Лицо Жавера, не умевшего лгать, было печально, Он ответил:

— Господин мэр! Правда есть правда. Мне очень досадно, но этот человек, несомненно, Жан Вальжан. Я тоже узнал его.

— Вы уверены в этом? — спросил Мадлен очень тихо.

Жавер рассмеялся тем горьким смехом, который невольно вырывается у человека, глубоко убежденного в своей правоте.

— Еще бы!

Задумавшись, он машинально перебирал пальцами в песочнице, стоявшей на столе, мелкий песок для просушки чернил, затем добавил:

— И теперь, когда я увидел настоящего Жана Вальжана, я и сам не понимаю, как я мог думать иначе. Простите меня, господин мэр.

Обращая эти значительные, молящие о прощении слова к тому, кто полтора месяца назад унизил его в полицейском участке, сказав в присутствии всех: «Ступайте!», Жавер, этот высокомерный человек, был сейчас, сам того не сознавая, исполнен простоты и достоинства. Мадлен ответил на его просьбу следующим внезапным вопросом:

— А что говорит этот человек?

— Да что уж, господин мэр, его дело плохо! Если это Жан Вальжан, тут рецидив. Перепрыгнуть через забор, сломать ветку, стянуть несколько яблок — для ребенка это шалость, для взрослого проступок, для каторжника преступление. Это кража, и притом за оградой владений. Тут уж пахнет не исправительной полицией, а судом присяжных. Не несколькими днями тюрьмы, а пожизненной каторгой. А тут еще история с маленьким савояром, которая, надеюсь, всплывет. Черт побери, тут есть от чего открещиваться, не так ли? Да, для всякого другого, но не для Жана Вальжана. Жан Вальжан — хитрая бестия! Вот еще одна черта, по которой я его узнаю. Другой почуял бы, что тут можно обжечься, стал бы бесноваться, кричать — и котелок закипает, когда ставишь его на огонь, — другой не согласился бы стать Жаном Вальжаном и так далее и тому подобное. А этот делает вид, что ничего не понимает, и говорит: «Я Шанматье, я не был на каторге!» Он прикидывается удивленным, он разыгрывает из себя тупицу, и это куда умнее. О, это ловкая шельма! Ну да все равно, доказательства налицо. Его опознали четыре человека. Старый мошенник будет осужден. Дело передано в аррасский суд! Я еду туда. Меня вызывают свидетелем.

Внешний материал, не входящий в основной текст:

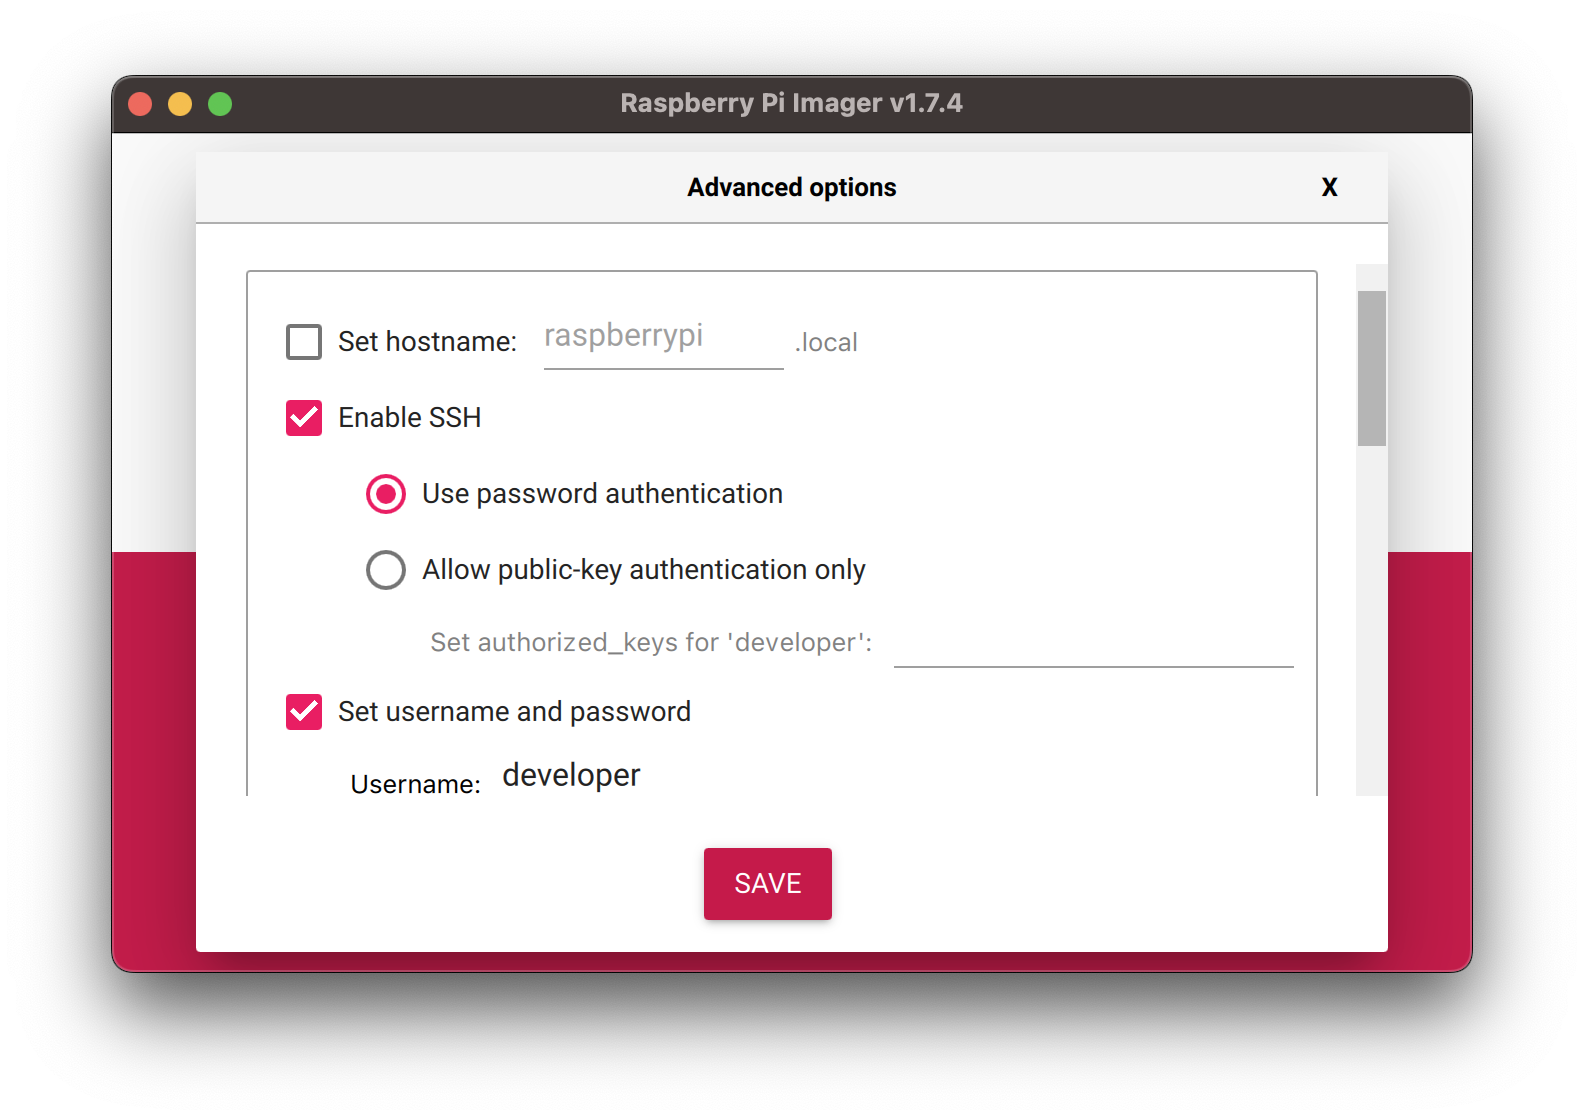 Screenshot of the Raspberry Pi Imager Advanced Options Menu
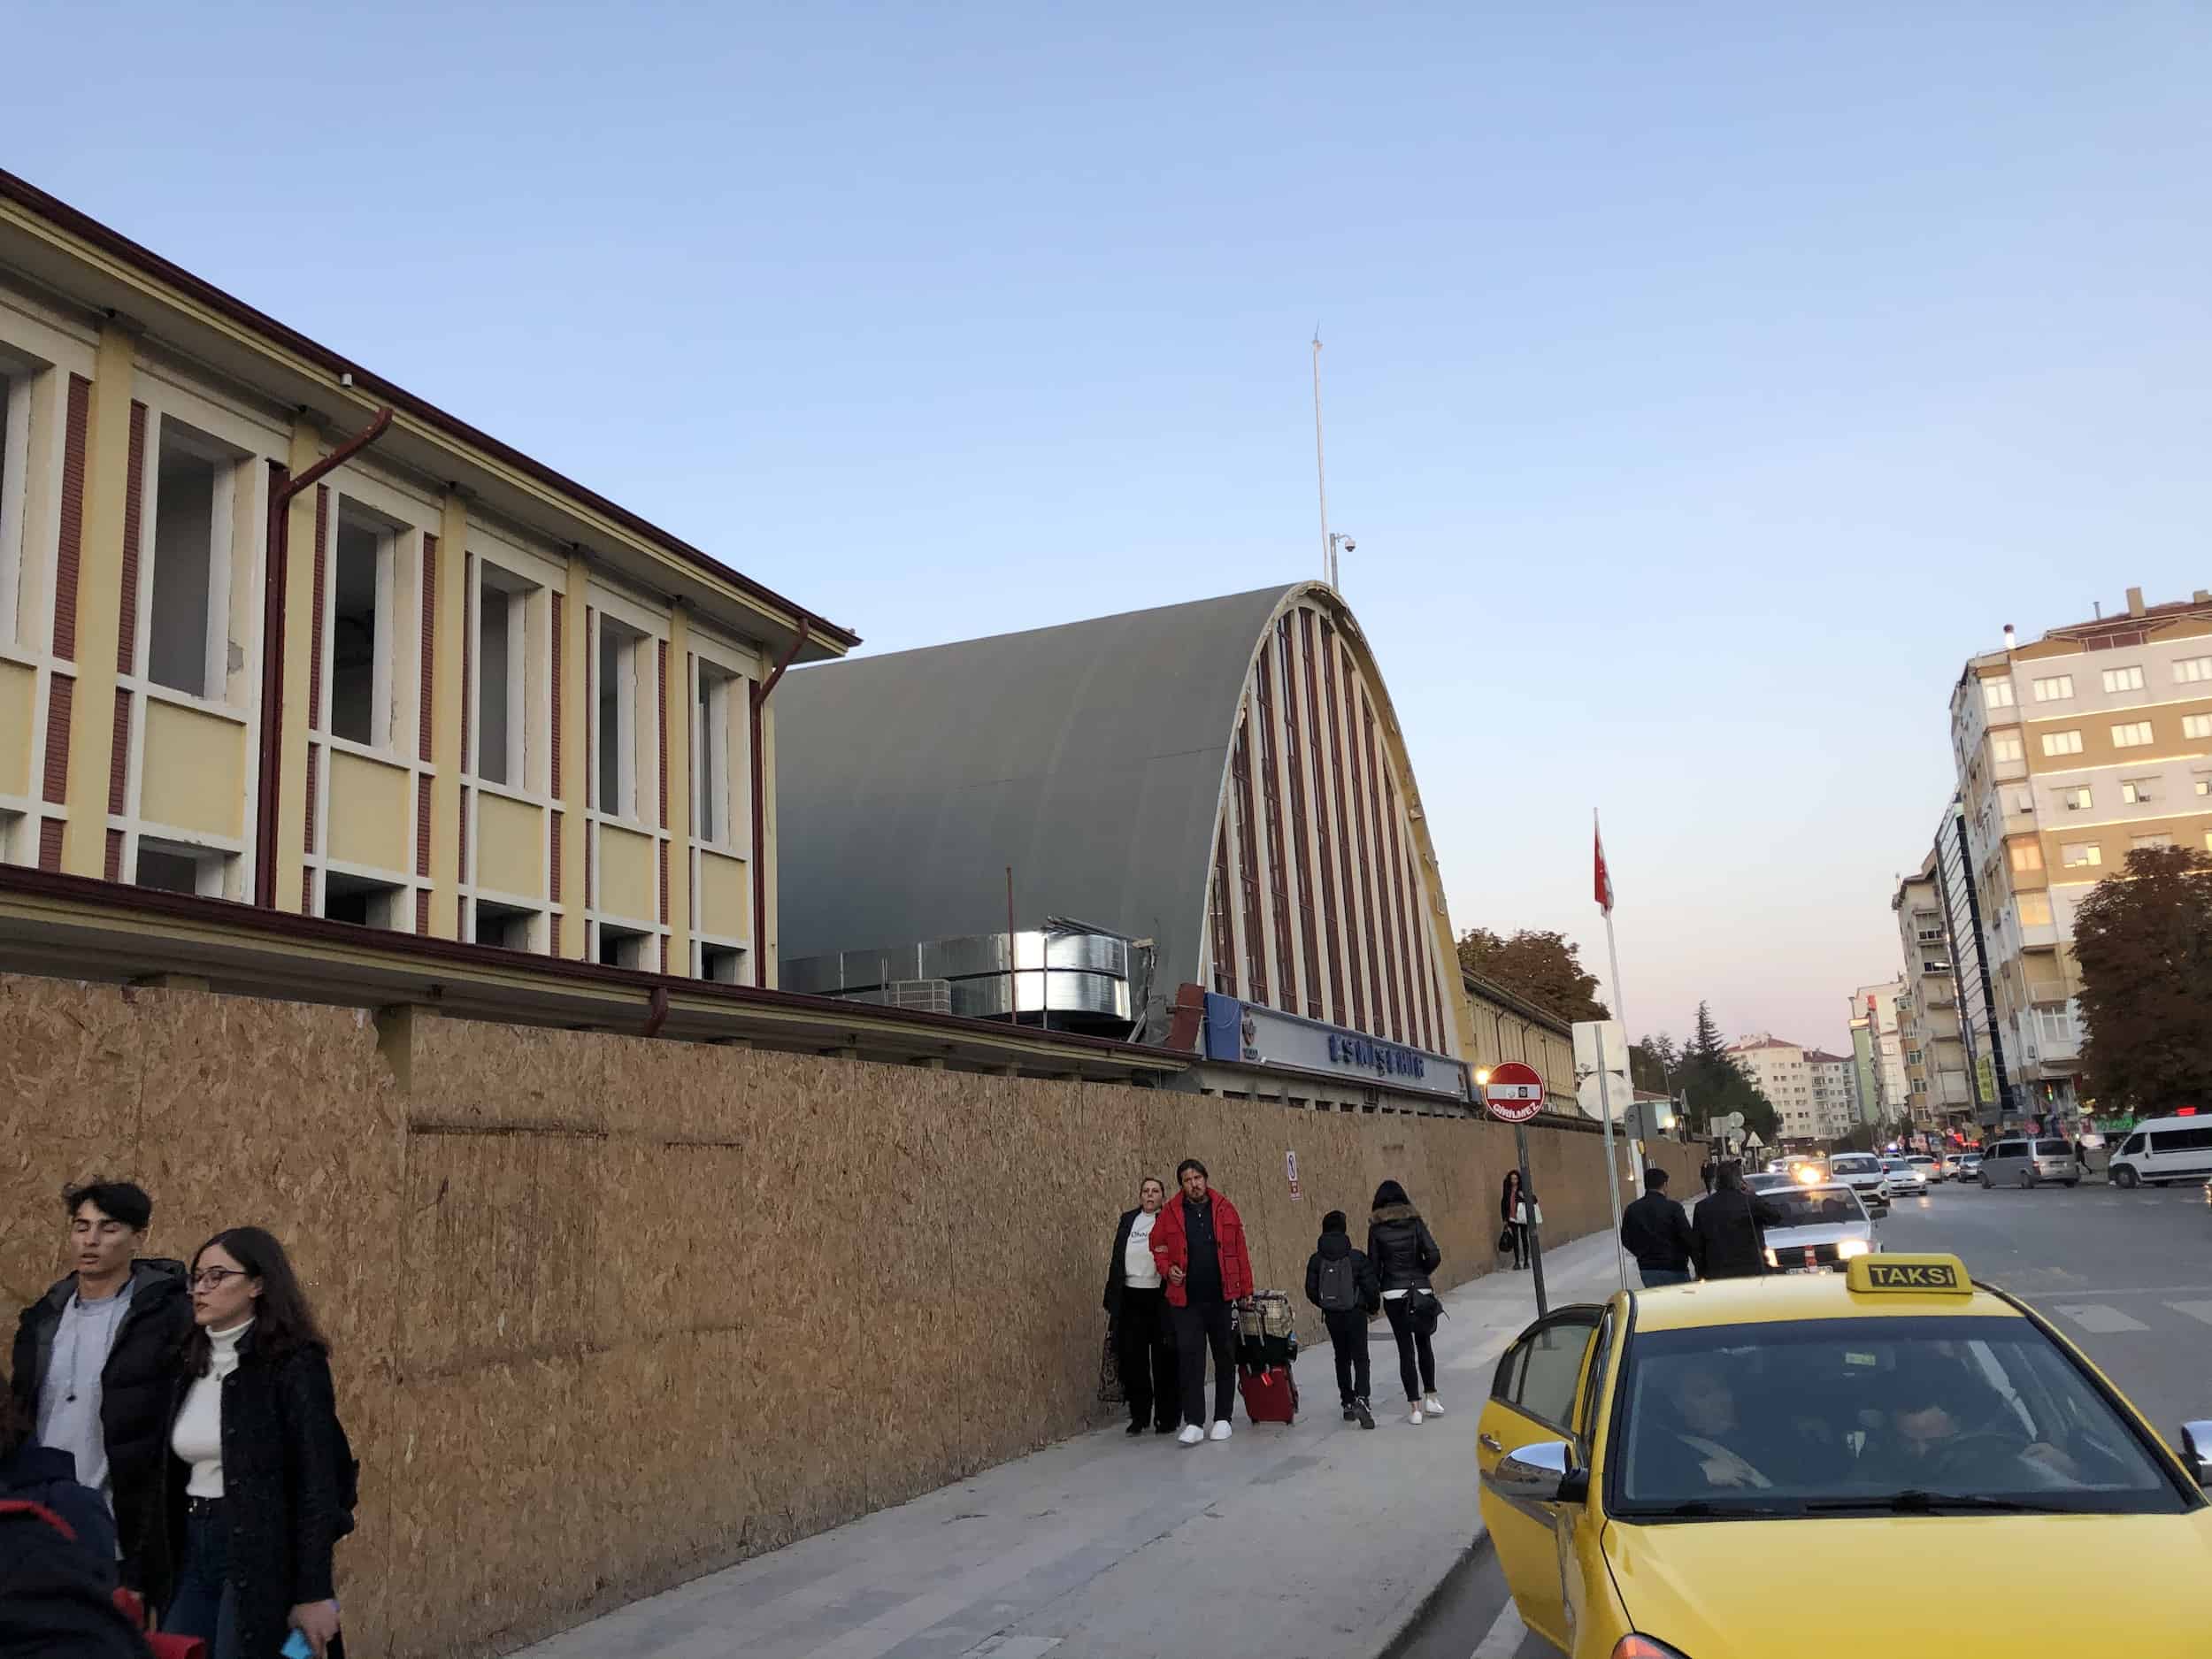 Eskişehir Railway Station

Между тем Мадлен, снова повернувшись к письменному столу, спокойно разбирал бумаги, читая их — и делая пометки с видом сильно занятого человека. Наконец он обратился к Жаверу:

— Ну, довольно, Жавер. В сущности говоря, меня все эти подробности мало интересуют. Мы теряем время, а у нас есть срочные дела. Вот что, Жавер, немедленно сходите к тетушке Бюзопье, которая торгует зеленью на углу улицы Сен‑Сольв, и скажите ей, чтобы она подала жалобу на возчика Пьера Шенелонга. Этот скот едва не раздавил своей телегой ее и ее ребенка. Он должен понести наказание. Затем пойдите к господину Шарселе — улица Монтр‑де‑Шампиньи. Он жалуется, что дождевая вода из водосточной трубы соседа стекает прямо под фундамент его дома и размывает его. Затем проверьте, действительно ли имеют место нарушения полицейских правил в домах вдовы Дорис на улице Гибур и госпожи Рене ле Босе на улице Гаро — Блан, и составьте протоколы. Впрочем, я даю вам слишком много поручений. Вы ведь, кажется, собираетесь уезжать? Если не ошибаюсь, вы сказали, что дней через восемь или через десять едете в Аррас по этому делу?..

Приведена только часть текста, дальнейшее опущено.